Calculating Your Extimated Taxes and Penalties

Post on: 16 Март, 2015 No Comment

Calculating Your Extimated Taxes and Penalties

Calculating How Much Estimated Tax to Pay

Paying estimated taxes is one way for individuals to remit payments for their taxes to the federal government. Generally, people who have incomes that aren’t subject to tax withholding at the source of payment should consider making estimated payments. Types of income without withholding including business income, rental income, investment income and capital gains. Taxpayers who have withholding on their wages or pensions can consider increasing the amount of tax withheld to cover the tax on their other sources of income.

The Estimated Tax Penalty

As a general recommendation, taxpayers should consider prepaying tax through estimated tax payments so as to avoid the penalty for the underpayment of estimated taxes. To avoid the penalty, individuals will need to pay in at least 90% of the tax for the current year, or 100% of the tax shown on the return for the prior year, whichever is smaller, Tax Topic 306, IRS.gov .

The estimated tax penalty is essentially a charge for interest for not paying taxes throughout the year.

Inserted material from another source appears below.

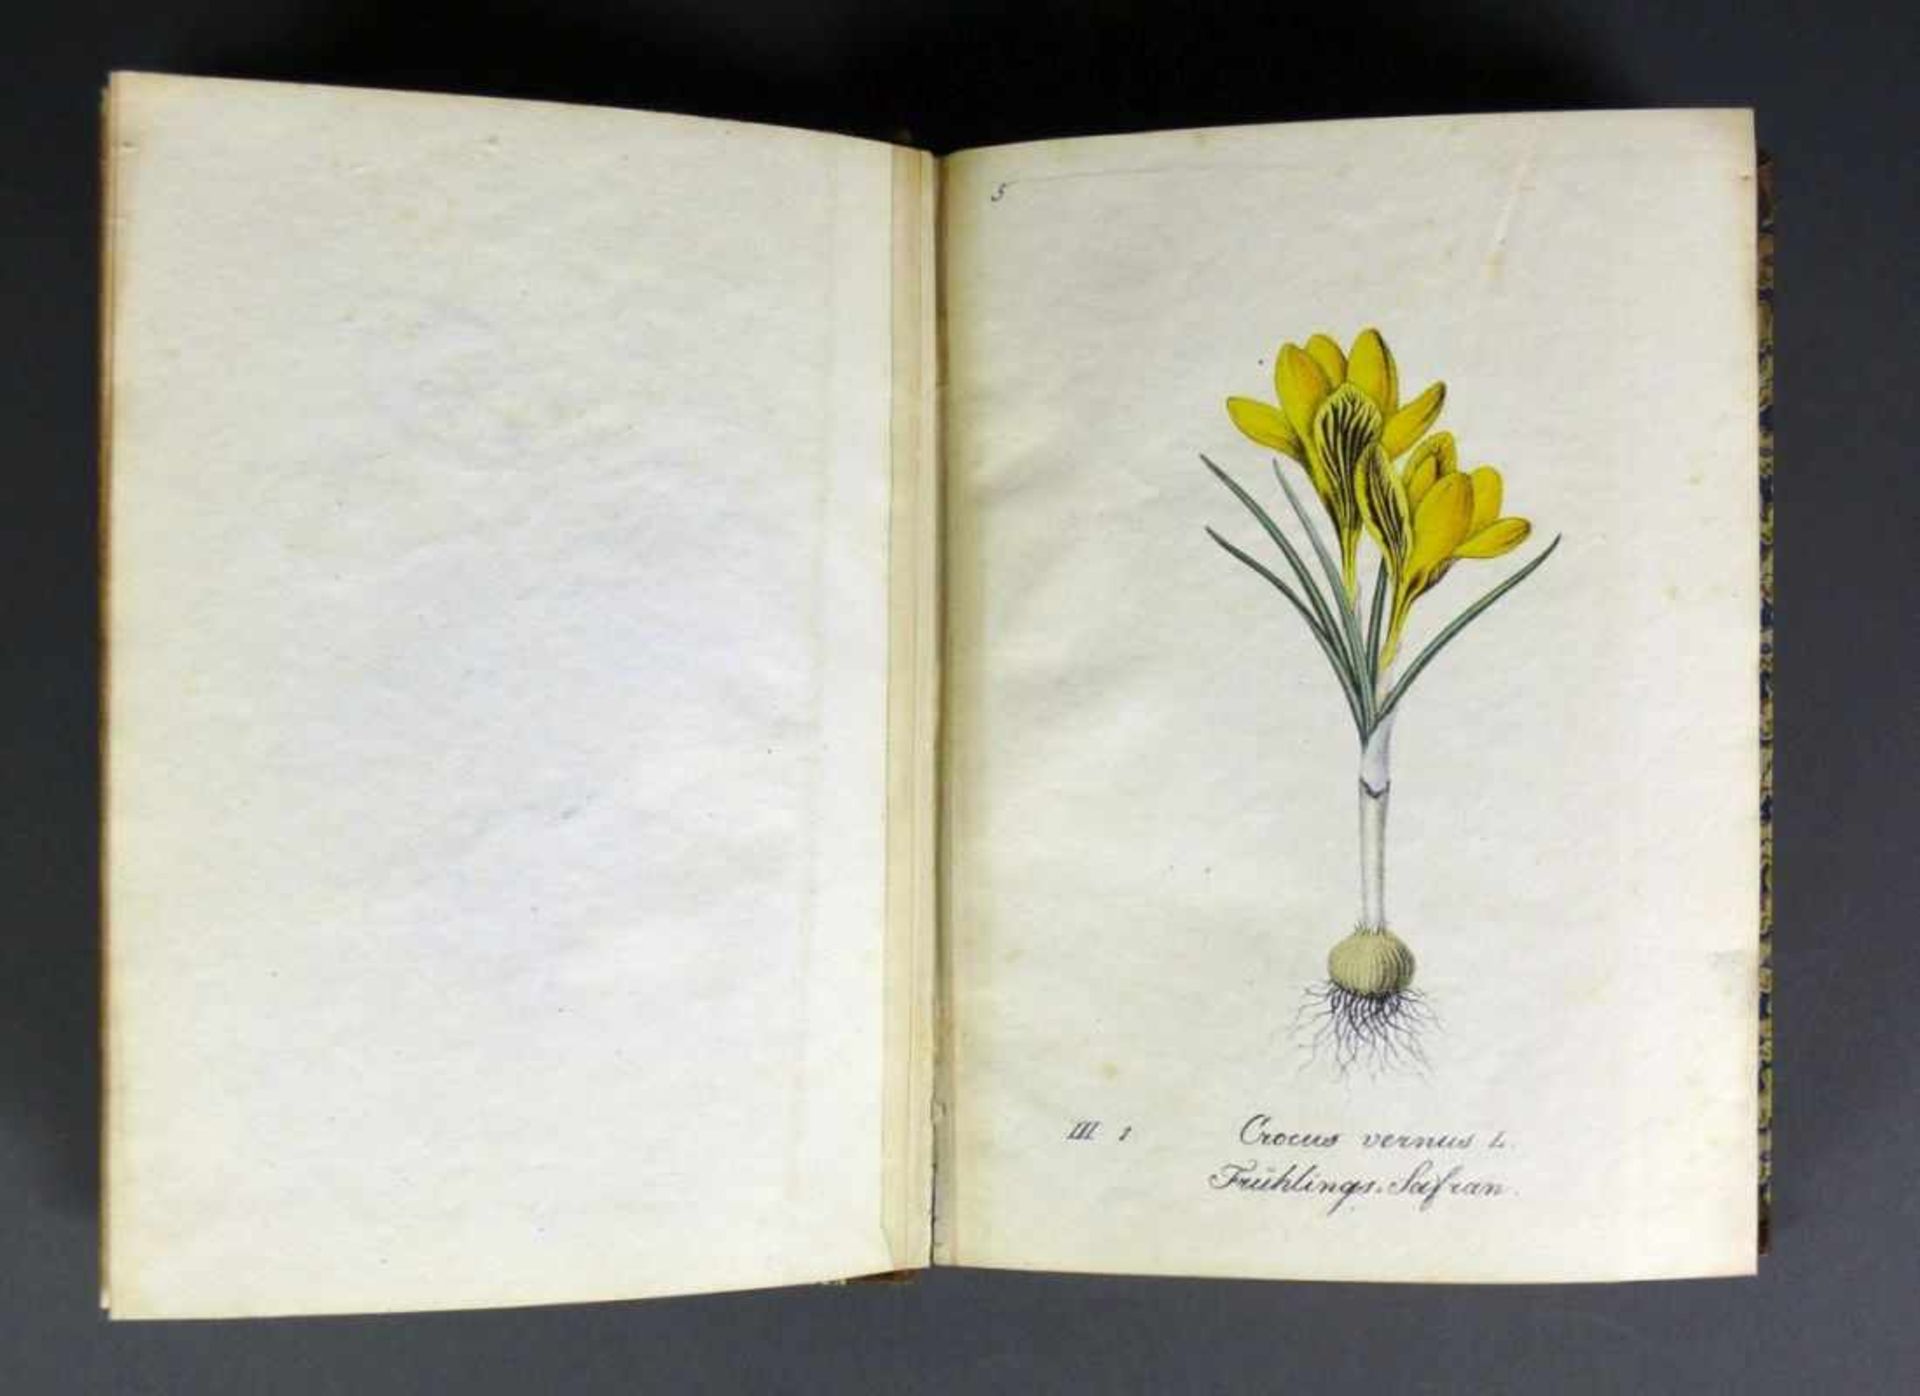 Labram-Zierpflanzen Sammlung von Zierpflanzen nach der Natur gezeichnet und colorirt von J.D. - Image 4 of 7

The current interest rate for underpayments by individuals is 3%. (The IRS sets this rate each quarter.)

Figuring out how much to pay in estimated taxes

The easiest method for calculating estimated payments is to divide last year’s unfunded tax liability in four, and then make estimated payments using this figure. To do this, look on last year’s tax return and find your total tax liability. Then subtract any withholding you expect to pay in for this year. If your withholding will be about the same as last year, you could subtract last year’s withholding amount. The difference is the amount of tax that needs to be paid in through estimated taxes.

This method, while quick and easy to calculate, does not take into account changes in your income or changes in your deductions for the current year. You might have more income, or less income, or qualify for different tax deductions. The alternate method is to project a tax calculation based on this year’s income. For this, it’s helpful to use the worksheets found in Publication 505 and with Form 1040-ES.

What I do is run a report showing income and deductions for the year using a financial software program. Financial software can generate a report showing income and deductions for the year-to-date (or any other time period you want to measure). I then export the figures into a spreadsheet program for further number crunching. Be sure to multiply these year-to-date amounts to cover the entire year. To make the math easier, you may want to run the report based on, the first half of the year, for example, and then you could multiply by two to get a projected full year figures.

Using these annualized income and deduction figures, you will calculate your projected tax liability. You will need to know the current year’s tax rates. And you would subtract any withholding or tax credits you will be eligible for in order to find out exactly how much needs to be paid in through estimated tax payments.

To help keep track of these tax calculations, the IRS has a worksheet available with Form 1040-ES (pdf). This worksheet will help you calculate the minimum amount of estimated tax you should pay to avoid the penalty. The worksheet also includes all of the current year figures for standard deductions and tax rates, to help you obtain an accurate figure for this year’s estimated payments. (Here’s a sample estimated tax calculation so you can see the sort of math involved.)

After setting up your own spreadsheet, be sure to save it for future reference. Once the spreadsheet is set up, you can use it again to get a more accurate projection of your tax liability later in the year. And then you will be able to adjust your estimated payments so you pay in just the right amount.